--- Data for analysis ---
Content starts

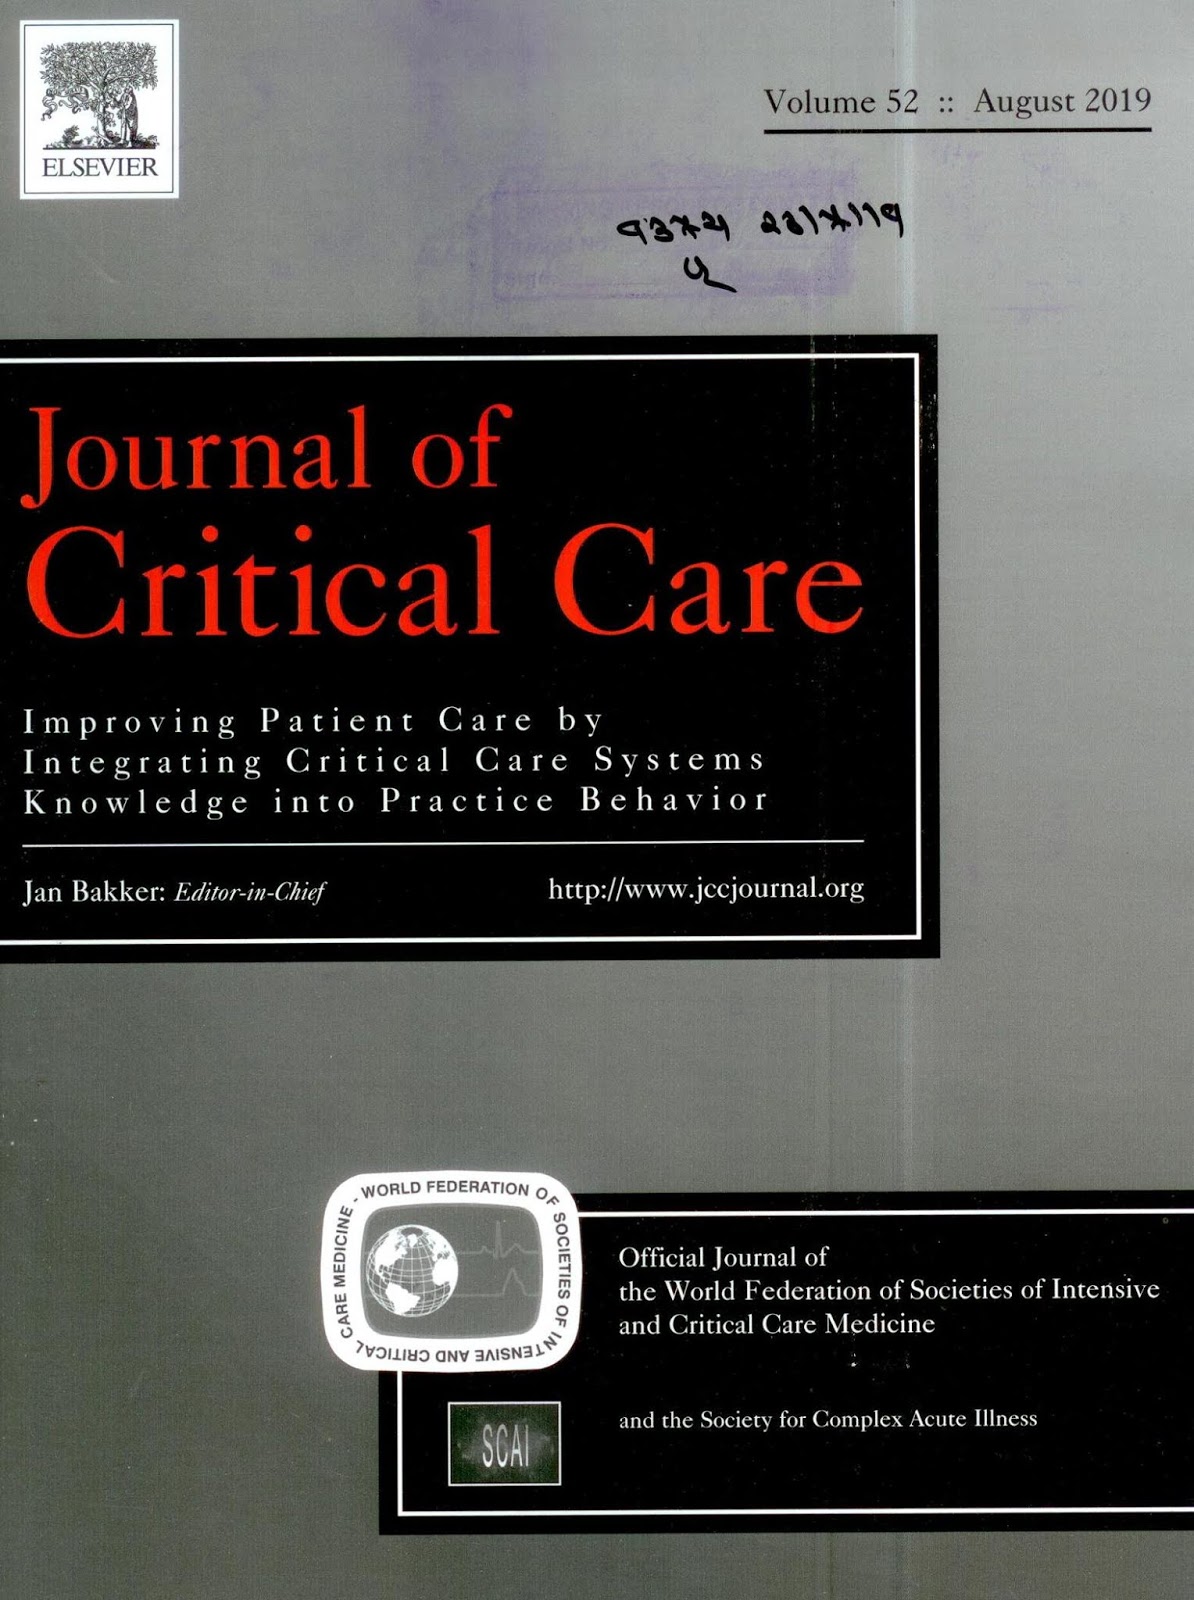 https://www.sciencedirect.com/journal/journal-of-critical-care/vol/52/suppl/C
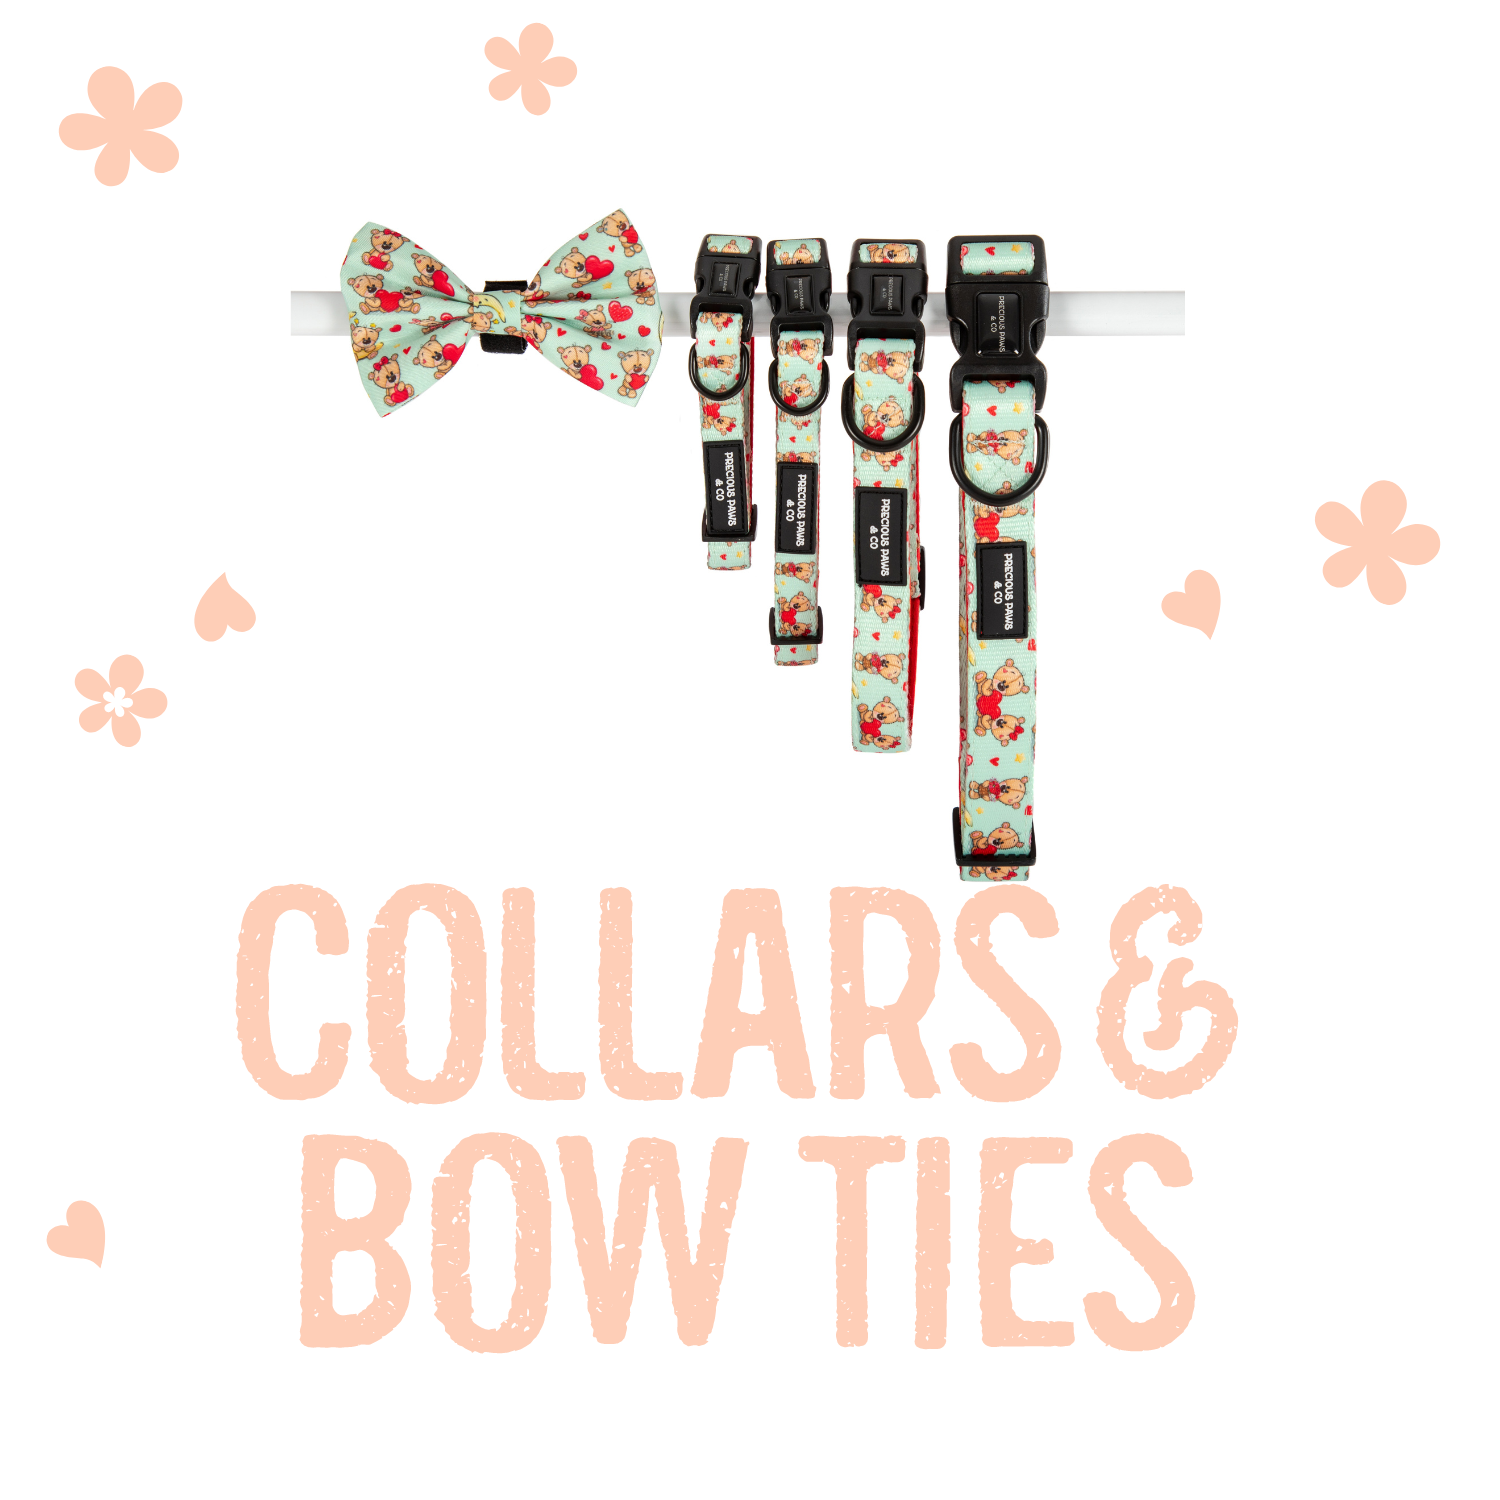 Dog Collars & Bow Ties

Content ends
Content starts

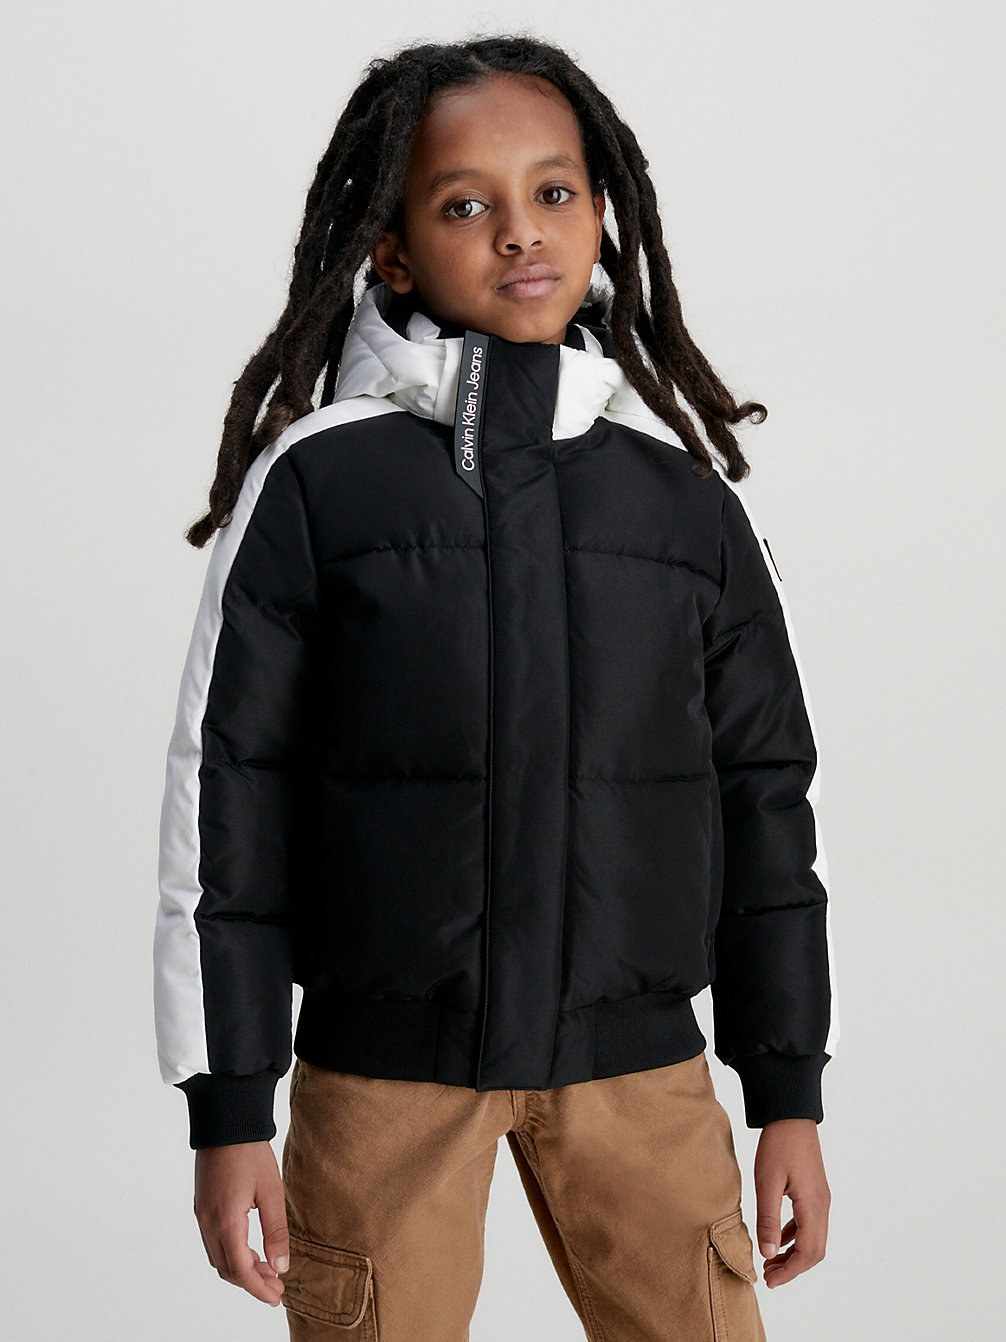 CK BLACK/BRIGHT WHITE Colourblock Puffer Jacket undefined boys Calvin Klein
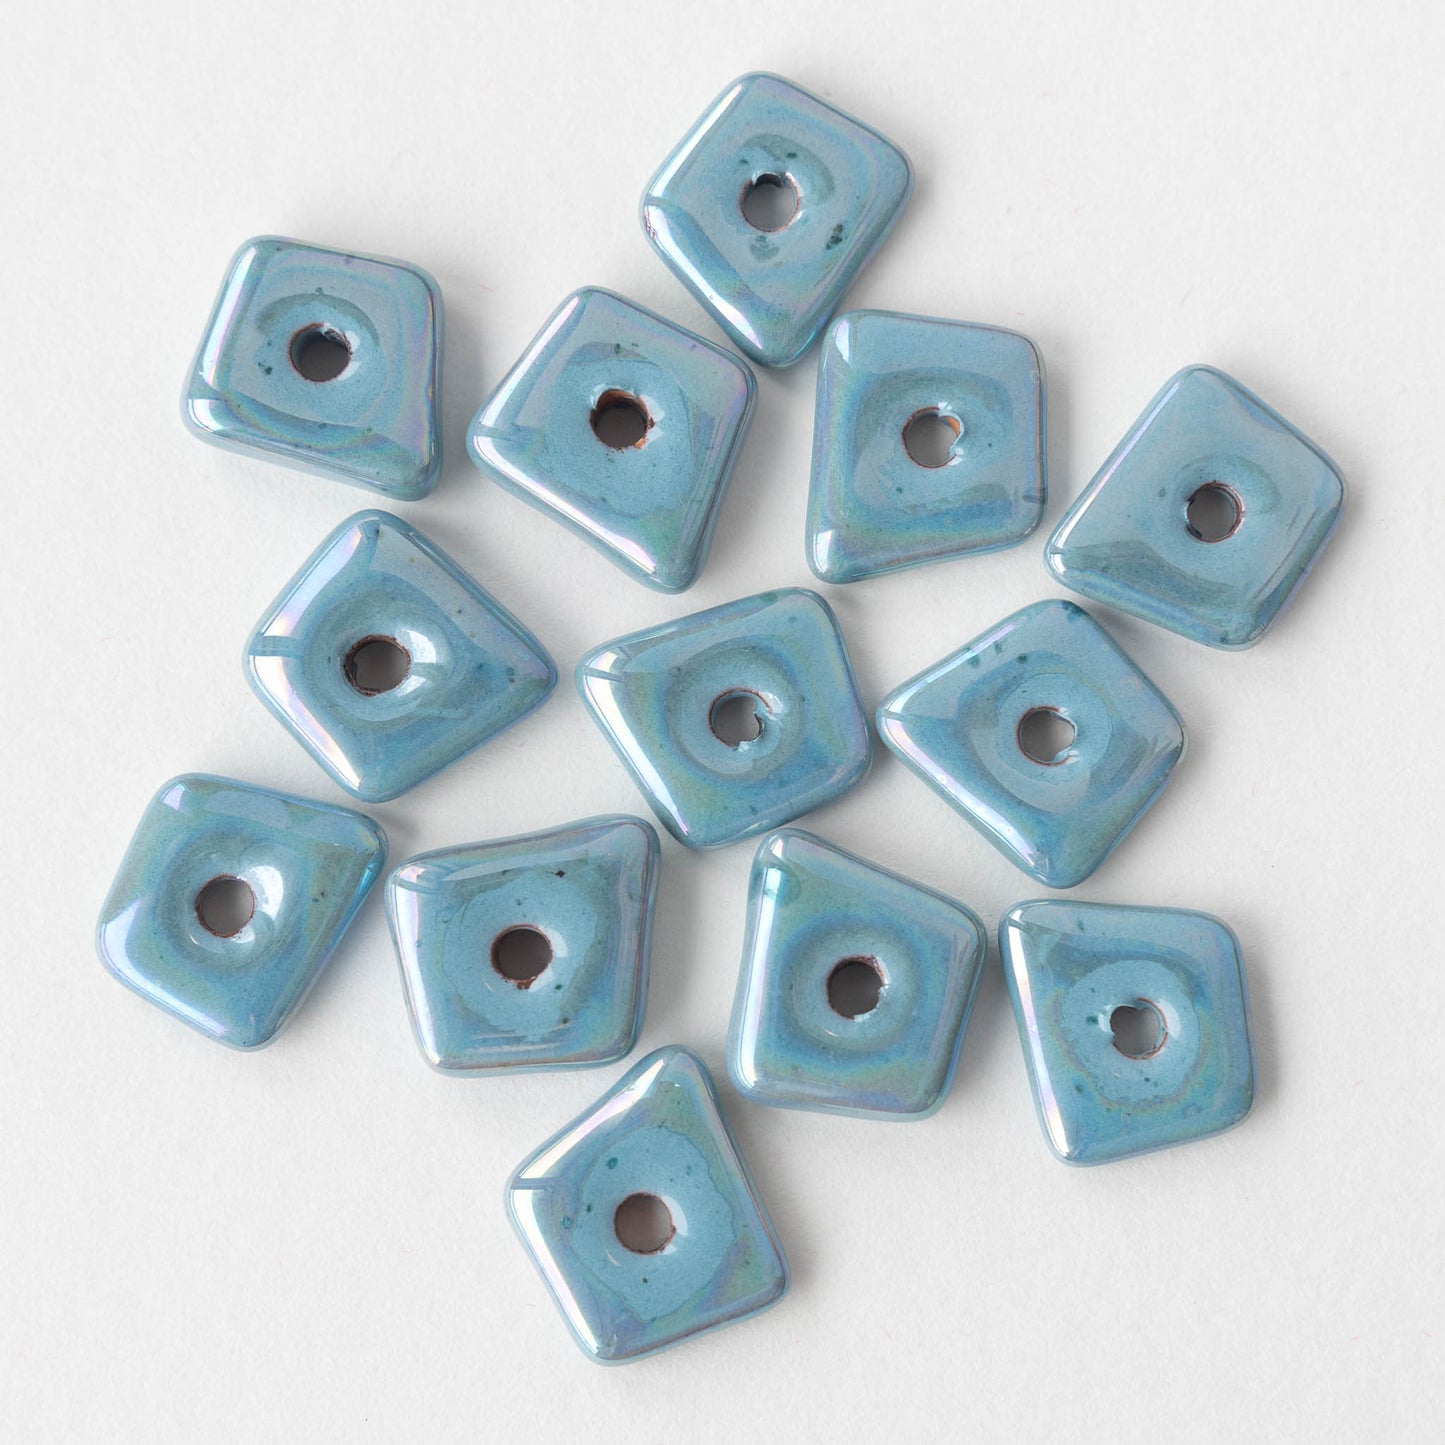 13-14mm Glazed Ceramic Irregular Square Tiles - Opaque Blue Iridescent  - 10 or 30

Content ends

--- What you should do ---
In the data above, the stretch from the line with "CK BLACK/BRIGHT WHITE" through the line with "13-14mm Glazed Ceramic" is to be returned exactly, minus any pictures.

--- Output below ---
 CK BLACK/BRIGHT WHITE Colourblock Puffer Jacket undefined boys Calvin Klein
 13-14mm Glazed Ceramic Irregular Square Tiles - Opaque Blue Iridescent  - 10 or 30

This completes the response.